* [Task requirements]: Leave out the pictures, and copy exactly the lines from the line with "Null E.LEGROS" through the last line of the data below.

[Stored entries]
+++++
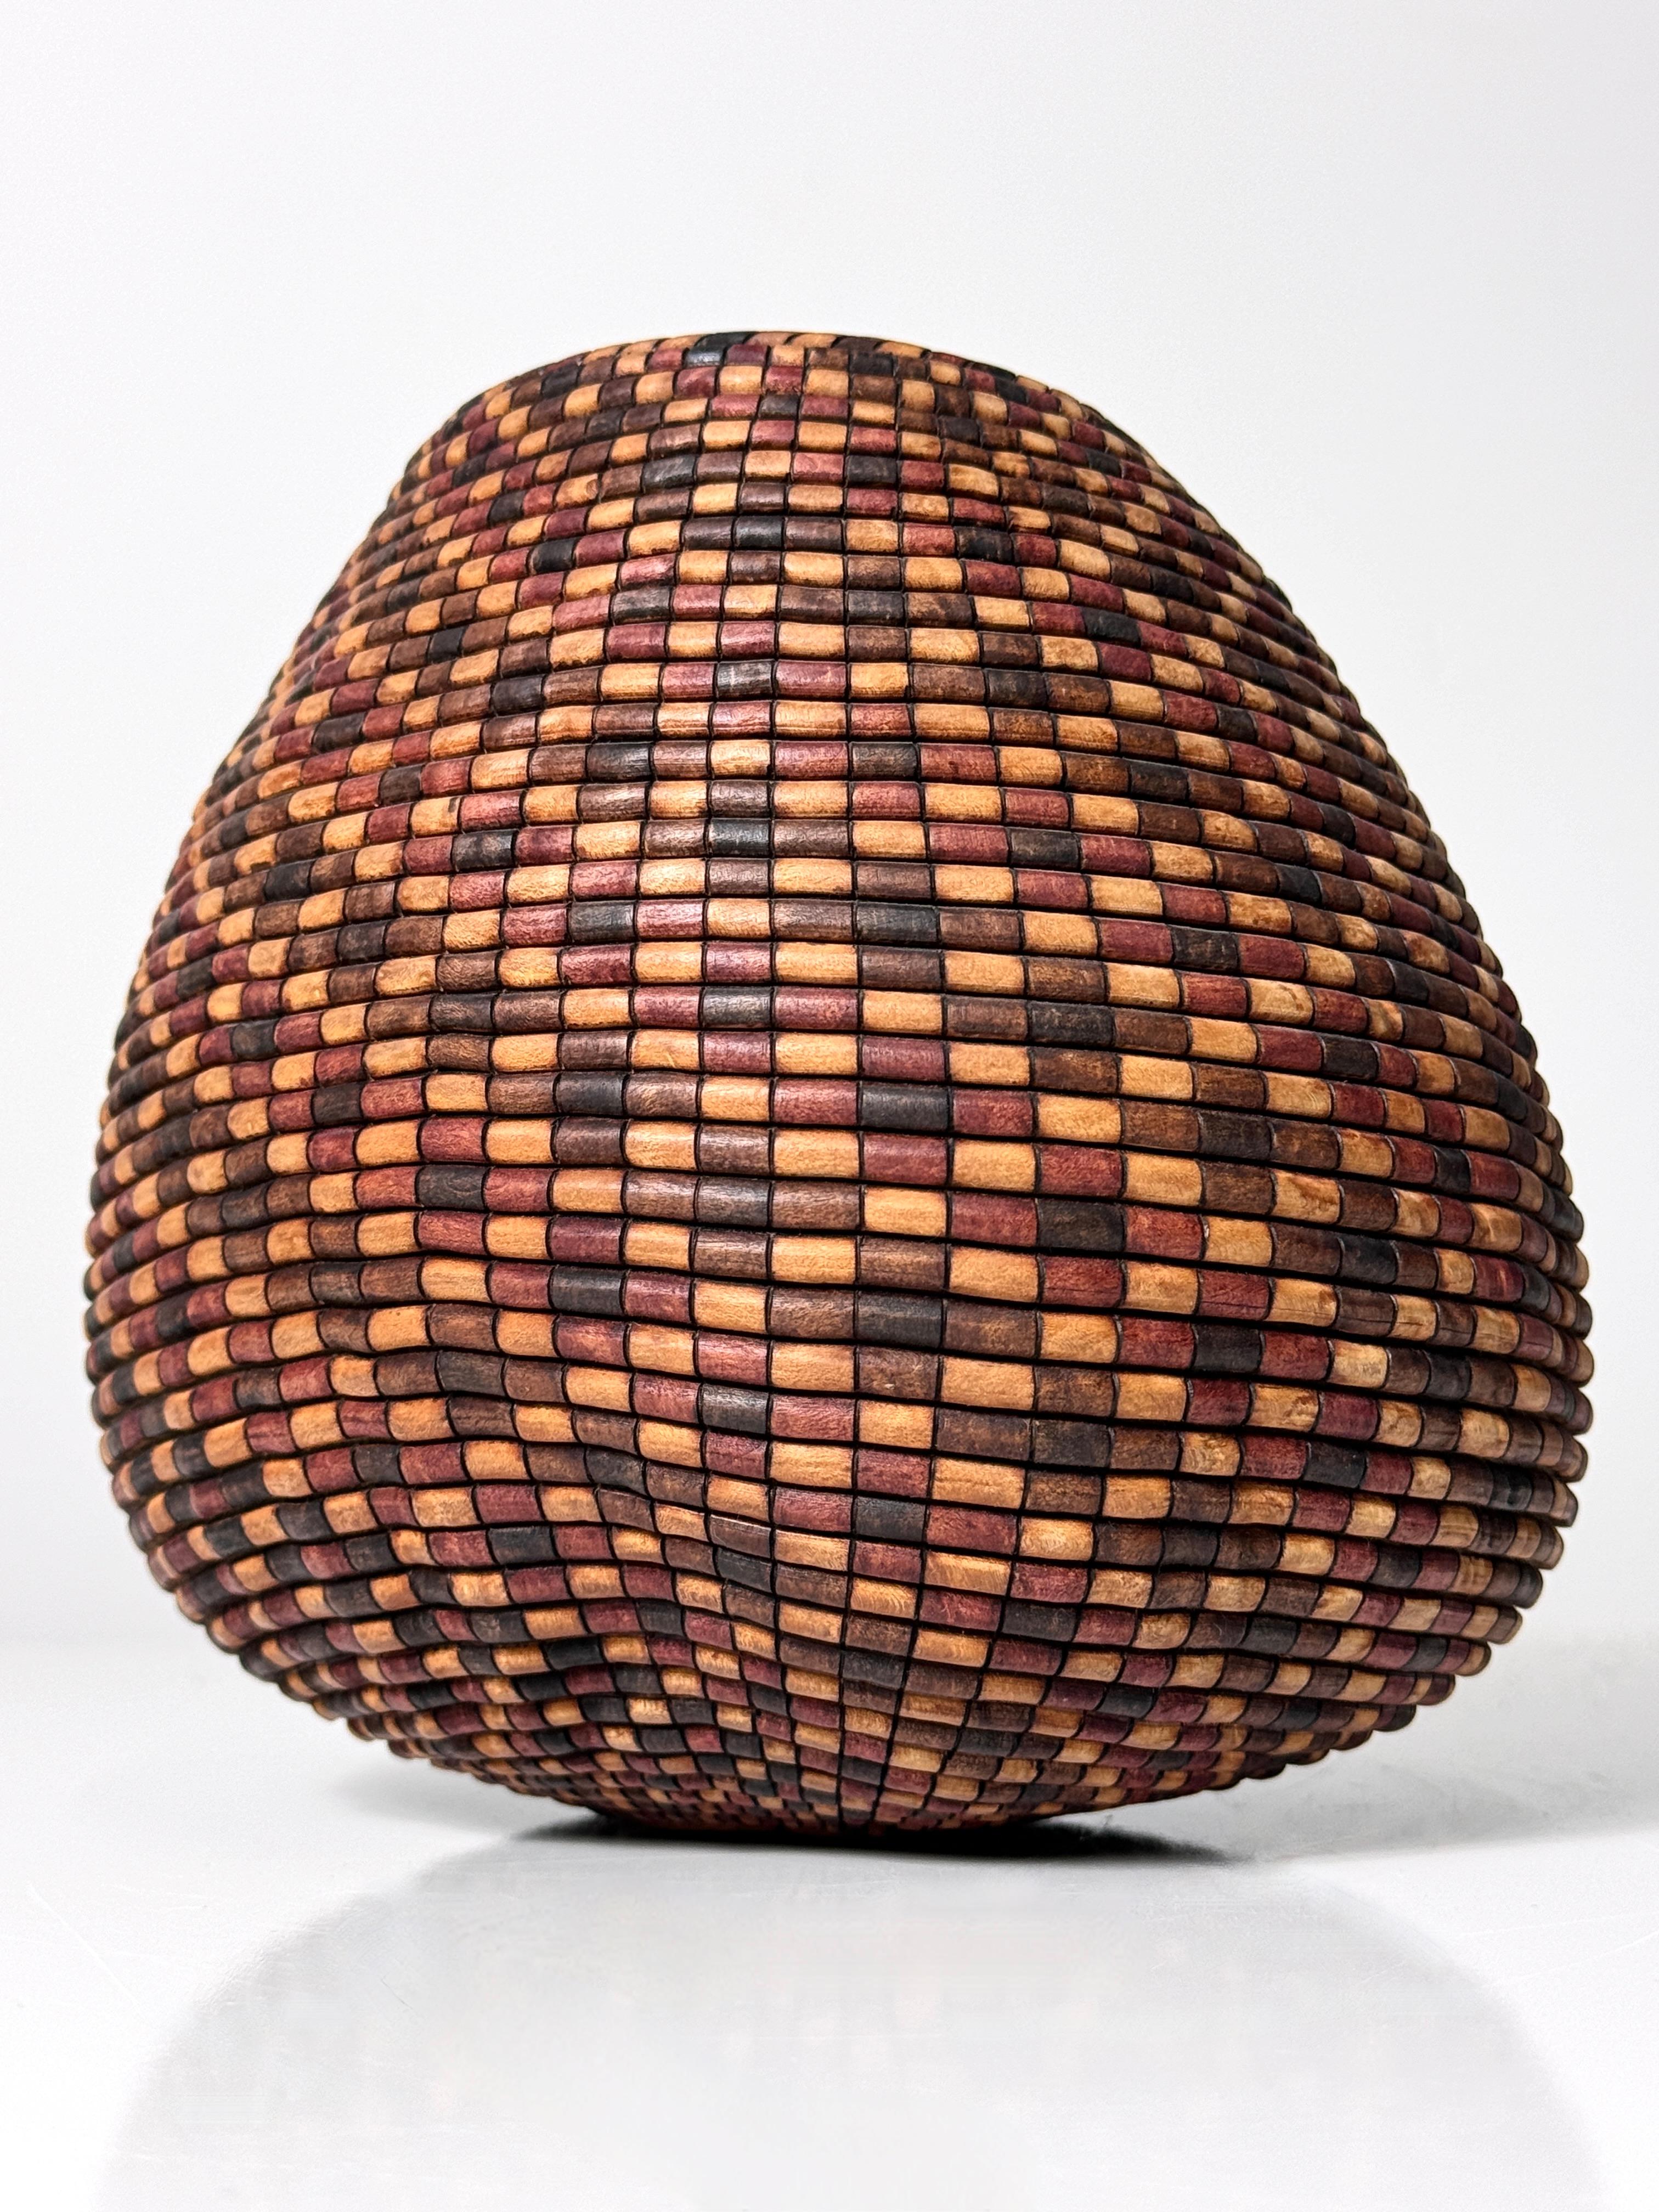 Vase en bois tourné de l'artisan américain David Nittmann circa 1990
Intitulé Black Lace of the Basket Illusion Series (Dentelle noire de la série Basket Illusion)

Incroyable pièce en madrone tourné, brûlé et teinté pour ressembler à un
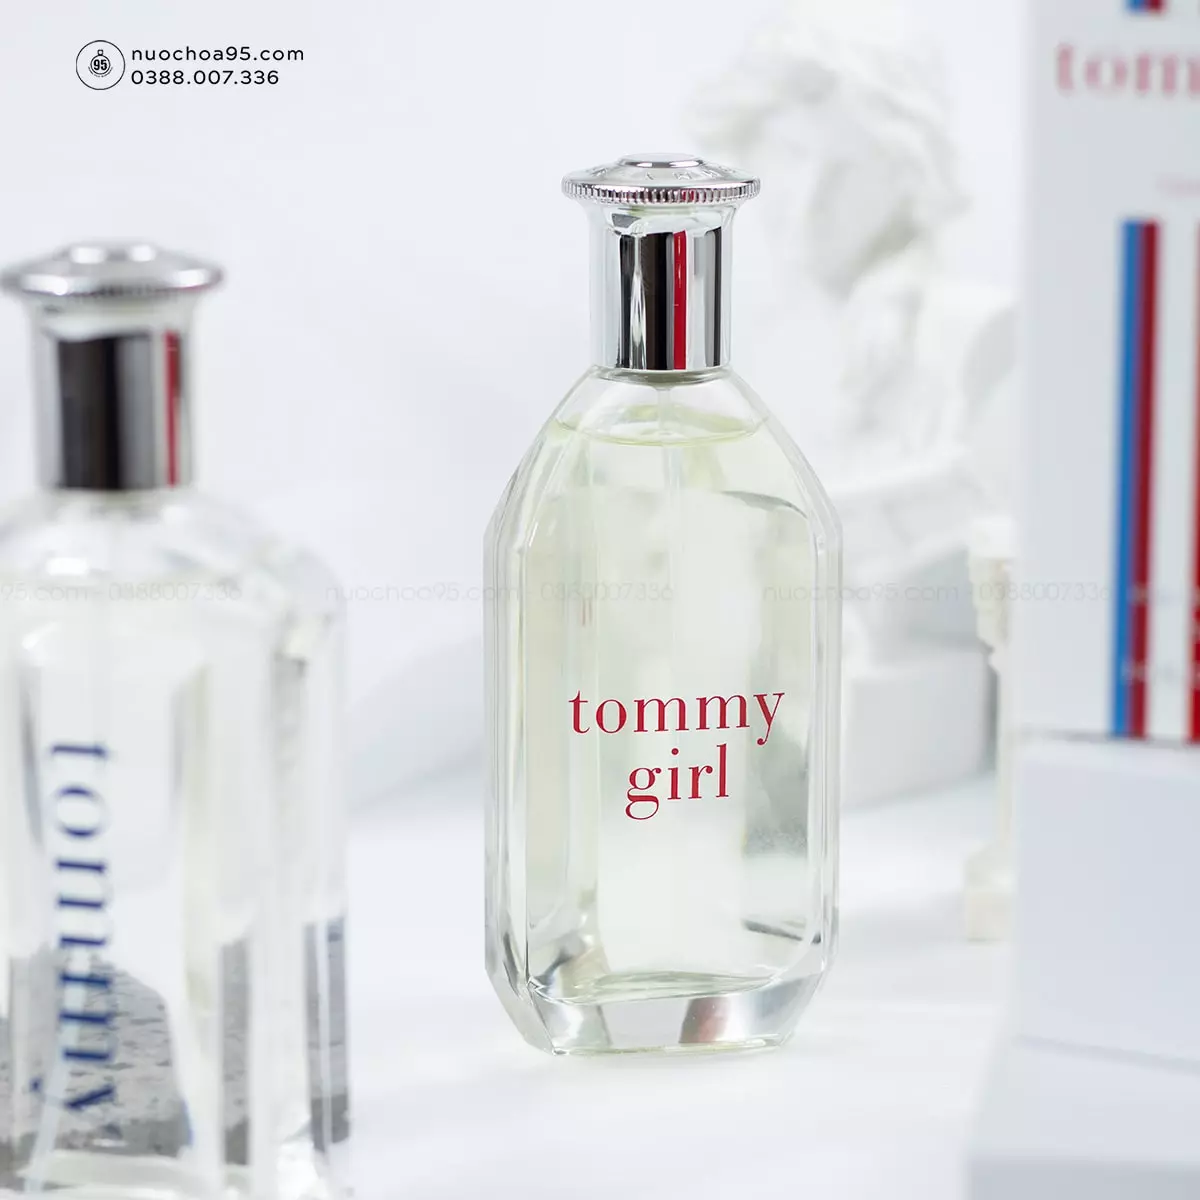 Nước hoa Tommy Girl - Ảnh 1
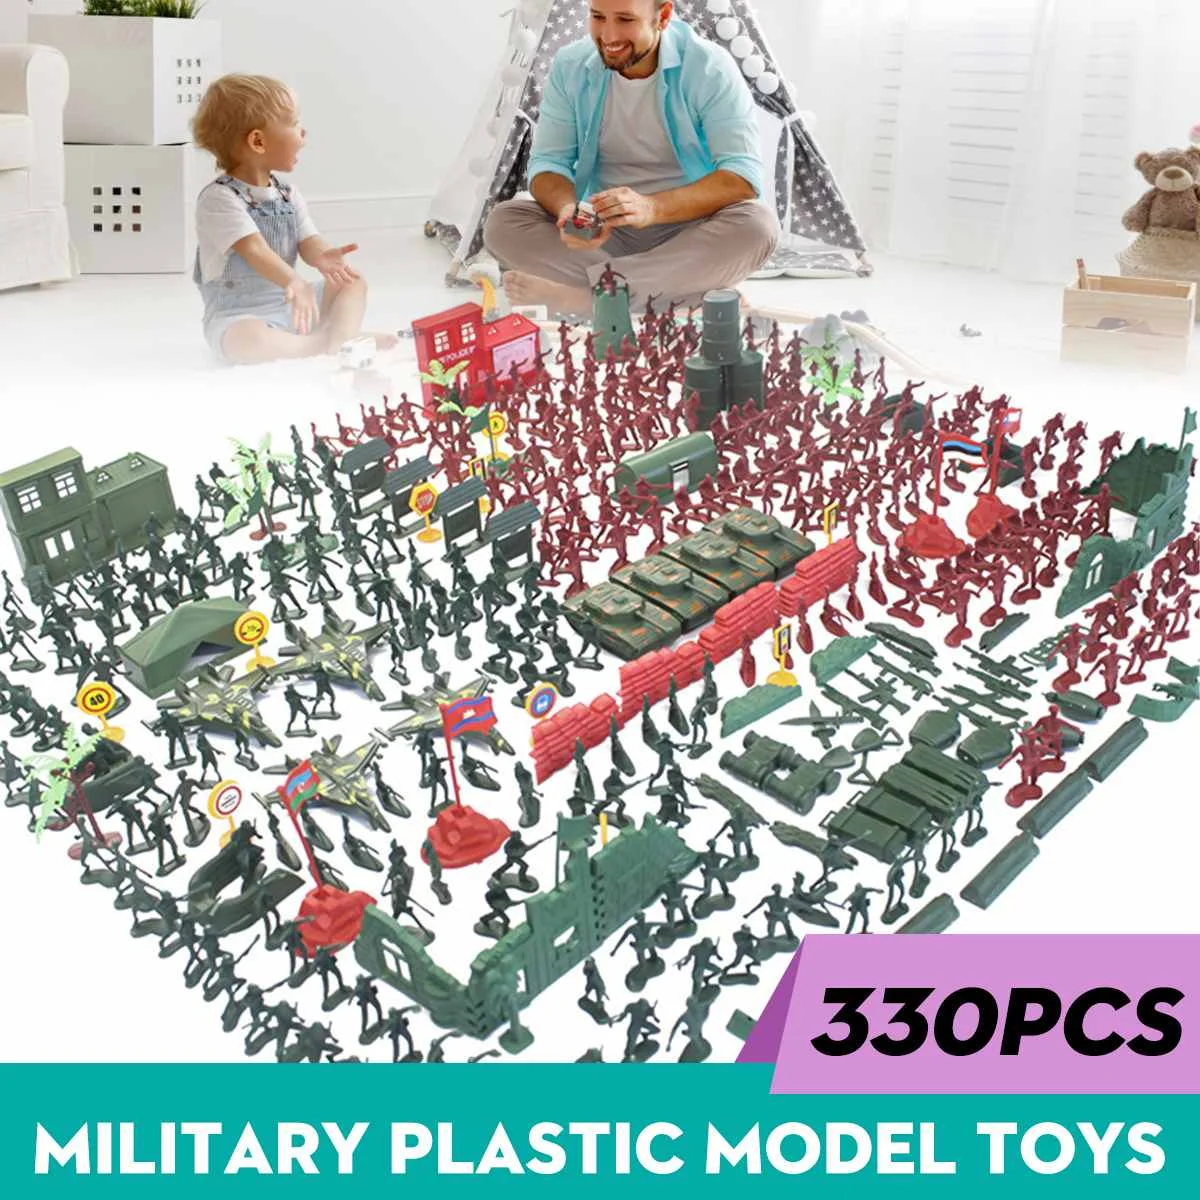 

290 шт./330 шт./компл. Военная пластиковая модель, игрушечный набор, армейские фигурки, аксессуары, декоративные подарочные модели, игрушки, дет...
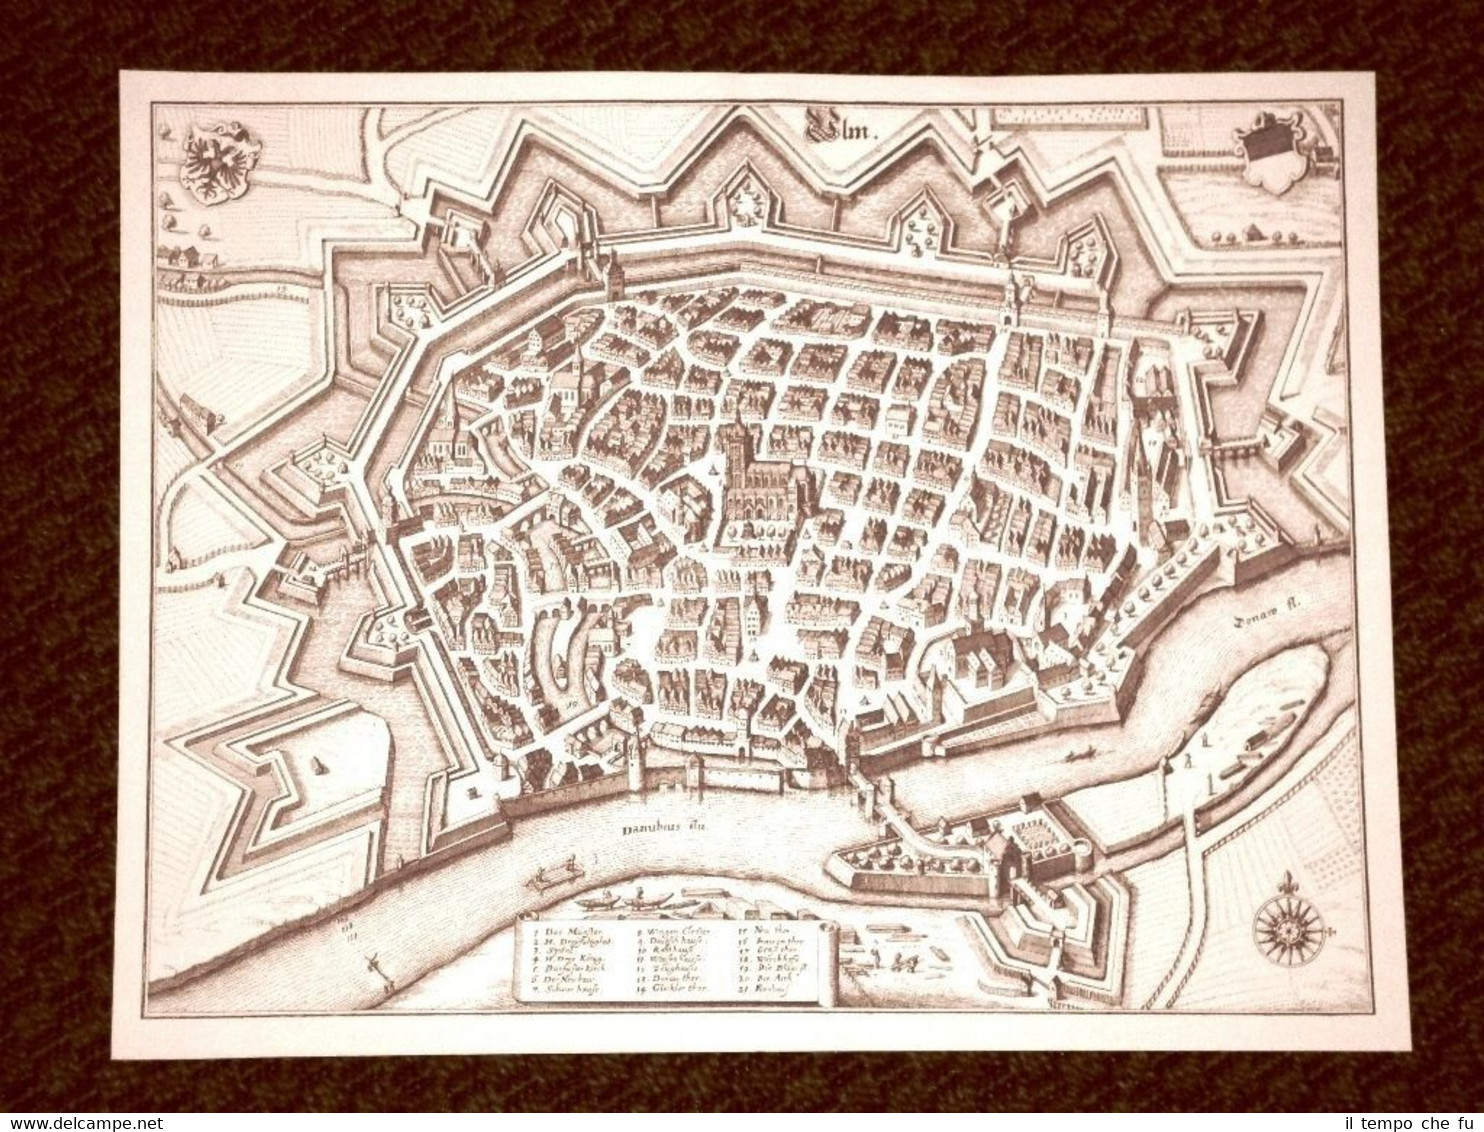 Ulma - Ulm Germania Incisione di Merian Matthäus del 1640 …
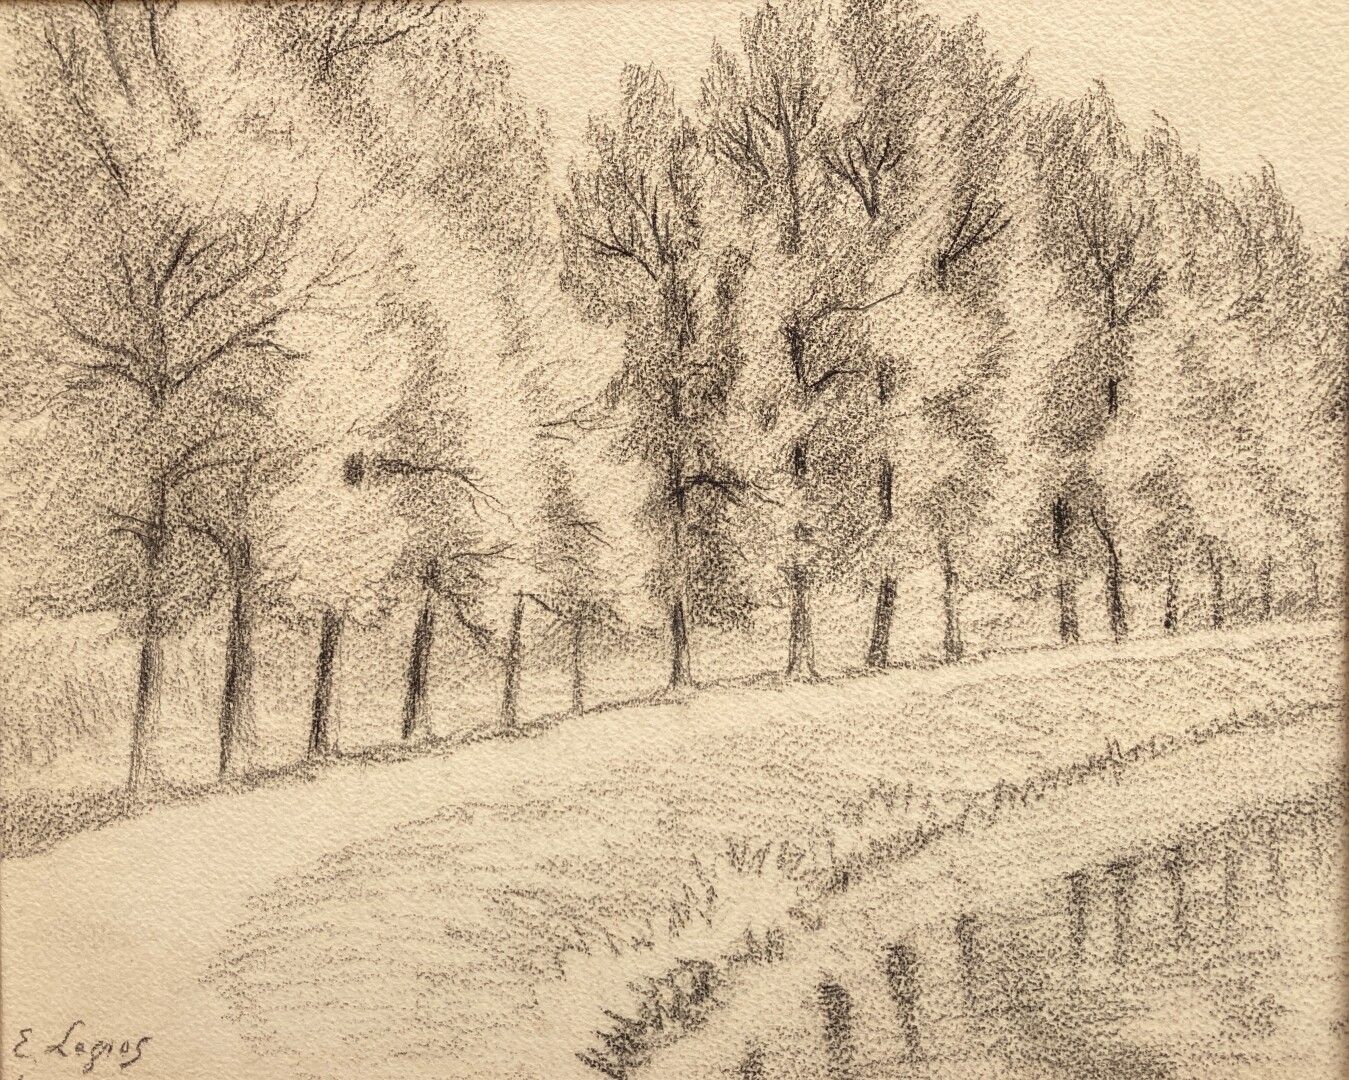 Null E.LEGROS

(1900年左右活跃)

卡斯特尔诺（Castelnaud）桥的景观

黑色铅笔

23,5 x 24,5 cm

位于底部的

&hellip;
+++++
* [Answer to this task]:
 Null E.LEGROS

(1900年左右活跃)

卡斯特尔诺（Castelnaud）桥的景观

黑色铅笔

23,5 x 24,5 cm

位于底部的

&hellip;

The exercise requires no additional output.